### WHAT YOU SHOULD DO
When you write out the records, keep every line exactly as it is.

### INPUT
········
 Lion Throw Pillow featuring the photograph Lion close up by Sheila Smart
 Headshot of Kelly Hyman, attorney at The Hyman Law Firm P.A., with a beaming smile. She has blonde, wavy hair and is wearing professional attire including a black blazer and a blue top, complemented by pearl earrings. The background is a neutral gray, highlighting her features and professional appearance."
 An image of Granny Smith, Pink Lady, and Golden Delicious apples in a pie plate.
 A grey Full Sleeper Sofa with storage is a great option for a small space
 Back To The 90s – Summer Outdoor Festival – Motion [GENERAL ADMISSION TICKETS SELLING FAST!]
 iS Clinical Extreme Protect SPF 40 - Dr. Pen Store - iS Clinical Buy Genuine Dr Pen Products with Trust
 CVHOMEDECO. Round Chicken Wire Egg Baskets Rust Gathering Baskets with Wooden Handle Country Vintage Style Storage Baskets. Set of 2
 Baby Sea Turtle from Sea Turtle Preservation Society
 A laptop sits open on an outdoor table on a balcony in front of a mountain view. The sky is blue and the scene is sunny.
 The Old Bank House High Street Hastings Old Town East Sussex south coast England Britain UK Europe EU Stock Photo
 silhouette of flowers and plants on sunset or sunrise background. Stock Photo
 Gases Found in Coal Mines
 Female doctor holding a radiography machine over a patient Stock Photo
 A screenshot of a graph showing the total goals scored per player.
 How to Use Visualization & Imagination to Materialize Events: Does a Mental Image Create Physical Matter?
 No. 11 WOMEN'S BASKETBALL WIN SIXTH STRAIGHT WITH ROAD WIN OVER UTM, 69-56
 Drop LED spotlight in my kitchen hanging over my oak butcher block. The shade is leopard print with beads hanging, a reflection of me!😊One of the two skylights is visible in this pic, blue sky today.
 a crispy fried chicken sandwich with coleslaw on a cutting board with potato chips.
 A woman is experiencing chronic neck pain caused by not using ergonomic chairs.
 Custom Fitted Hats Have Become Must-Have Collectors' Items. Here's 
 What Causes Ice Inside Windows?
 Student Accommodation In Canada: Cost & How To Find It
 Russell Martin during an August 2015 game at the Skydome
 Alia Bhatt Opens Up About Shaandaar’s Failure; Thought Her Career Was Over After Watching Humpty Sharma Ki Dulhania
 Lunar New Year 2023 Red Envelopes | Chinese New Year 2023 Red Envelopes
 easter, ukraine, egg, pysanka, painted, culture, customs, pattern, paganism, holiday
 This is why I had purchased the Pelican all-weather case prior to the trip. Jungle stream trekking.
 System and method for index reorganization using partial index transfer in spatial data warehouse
········
### ANSWER BOX
 Lion Throw Pillow featuring the photograph Lion close up by Sheila Smart
 Headshot of Kelly Hyman, attorney at The Hyman Law Firm P.A., with a beaming smile. She has blonde, wavy hair and is wearing professional attire including a black blazer and a blue top, complemented by pearl earrings. The background is a neutral gray, highlighting her features and professional appearance."
 An image of Granny Smith, Pink Lady, and Golden Delicious apples in a pie plate.
 A grey Full Sleeper Sofa with storage is a great option for a small space
 Back To The 90s – Summer Outdoor Festival – Motion [GENERAL ADMISSION TICKETS SELLING FAST!]
 iS Clinical Extreme Protect SPF 40 - Dr. Pen Store - iS Clinical Buy Genuine Dr Pen Products with Trust
 CVHOMEDECO. Round Chicken Wire Egg Baskets Rust Gathering Baskets with Wooden Handle Country Vintage Style Storage Baskets. Set of 2
 Baby Sea Turtle from Sea Turtle Preservation Society
 A laptop sits open on an outdoor table on a balcony in front of a mountain view. The sky is blue and the scene is sunny.
 The Old Bank House High Street Hastings Old Town East Sussex south coast England Britain UK Europe EU Stock Photo
 silhouette of flowers and plants on sunset or sunrise background. Stock Photo
 Gases Found in Coal Mines
 Female doctor holding a radiography machine over a patient Stock Photo
 A screenshot of a graph showing the total goals scored per player.
 How to Use Visualization & Imagination to Materialize Events: Does a Mental Image Create Physical Matter?
 No. 11 WOMEN'S BASKETBALL WIN SIXTH STRAIGHT WITH ROAD WIN OVER UTM, 69-56
 Drop LED spotlight in my kitchen hanging over my oak butcher block. The shade is leopard print with beads hanging, a reflection of me!😊One of the two skylights is visible in this pic, blue sky today.
 a crispy fried chicken sandwich with coleslaw on a cutting board with potato chips.
 A woman is experiencing chronic neck pain caused by not using ergonomic chairs.
 Custom Fitted Hats Have Become Must-Have Collectors' Items. Here's 
 What Causes Ice Inside Windows?
 Student Accommodation In Canada: Cost & How To Find It
 Russell Martin during an August 2015 game at the Skydome
 Alia Bhatt Opens Up About Shaandaar’s Failure; Thought Her Career Was Over After Watching Humpty Sharma Ki Dulhania
 Lunar New Year 2023 Red Envelopes | Chinese New Year 2023 Red Envelopes
 easter, ukraine, egg, pysanka, painted, culture, customs, pattern, paganism, holiday
 This is why I had purchased the Pelican all-weather case prior to the trip. Jungle stream trekking.
 System and method for index reorganization using partial index transfer in spatial data warehouse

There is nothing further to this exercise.